VALDOSTA, Ga. (WCTV) -- The U.S. Census will begin in just a few months, which is why Valdosta State University is working to make sure that every single person participates, especially in hard-to-count populations.

They say every person that takes part is potentially worth thousands of dollars to their community.

VSU is printing 65,000 posters to be distributed among 41 counties. The posters are catered to different community needs, like targeting families, or written in Spanish. The posters are meant to raise awareness of why it's important to take part in the census.

Officials say who participates in the census will determine federal funding for a lot of local programs for the next ten years.

The university is focusing on hard to count populations, like low income communities or those with limited online resources.

Organizers say as families are still recovering from Hurricane Michael, some are still displaced, and could be hard to count.

They say students and young people are also historically hard to count.

"If you're in the dorms, they're going to be counted automatically, but your students that live in off campus housing may or may not participate," said Darrell Moore, the Executive Director for VSU's Center for Regoinal Impact. "If you have four roommates, one gets it and throws it away, you potentially lost $100,000 in federal funding for your community."

Moore recently had the opportunity to testify during a congressional hearing to bring attention to some of the strategies used in Georgia to increase participation.

This year, people will have the option to answer questions by phone or online.

All information is confidential. Community leaders also want citizens to be aware of potential scammers.

"We want citizens to know if they start getting texts or email that appears to be from the census, that they need to report that to local law enforcement. After any large initiative, there's always a fear of scams, so we want to make sure that no one is taken advantage of," said Paige Dukes, Public Information Officer for Lowndes County.

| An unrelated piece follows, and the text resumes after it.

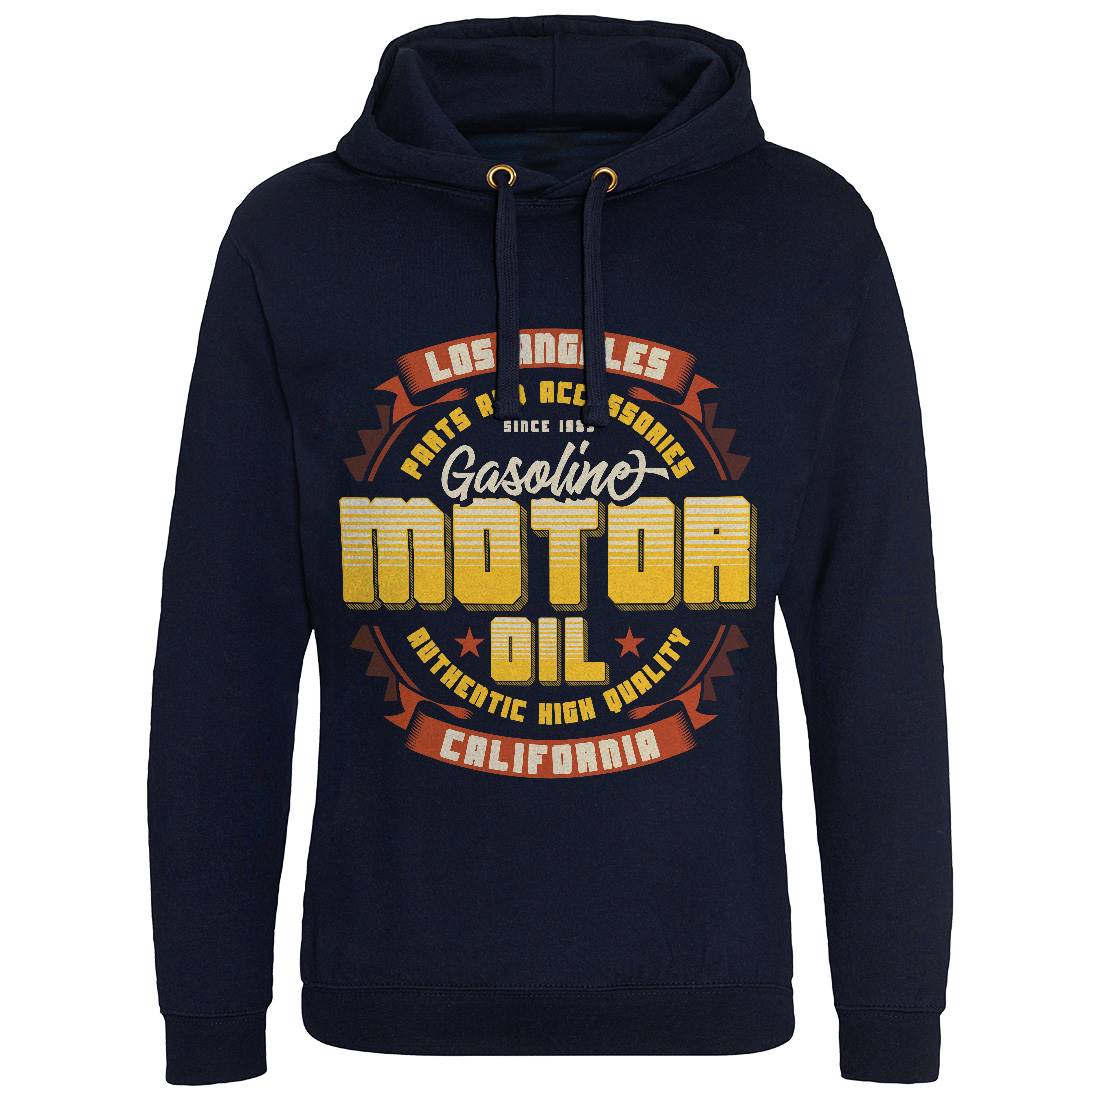 Motor Oil Mens Hoodie Without Pocket Motorcycles B312

The university will be working to raise awareness in 41 counties around the area. They're also working on getting things like tables and banners set up at local events and festivals to help raise awareness for participation.

The U.S. Census Bureau will be hiring 500,000 temporary and part-time jobs nationally, including in our area.

The census will begin in March. Until then, community leaders are focusing on education and awareness.

The deadline to be counted is July 31.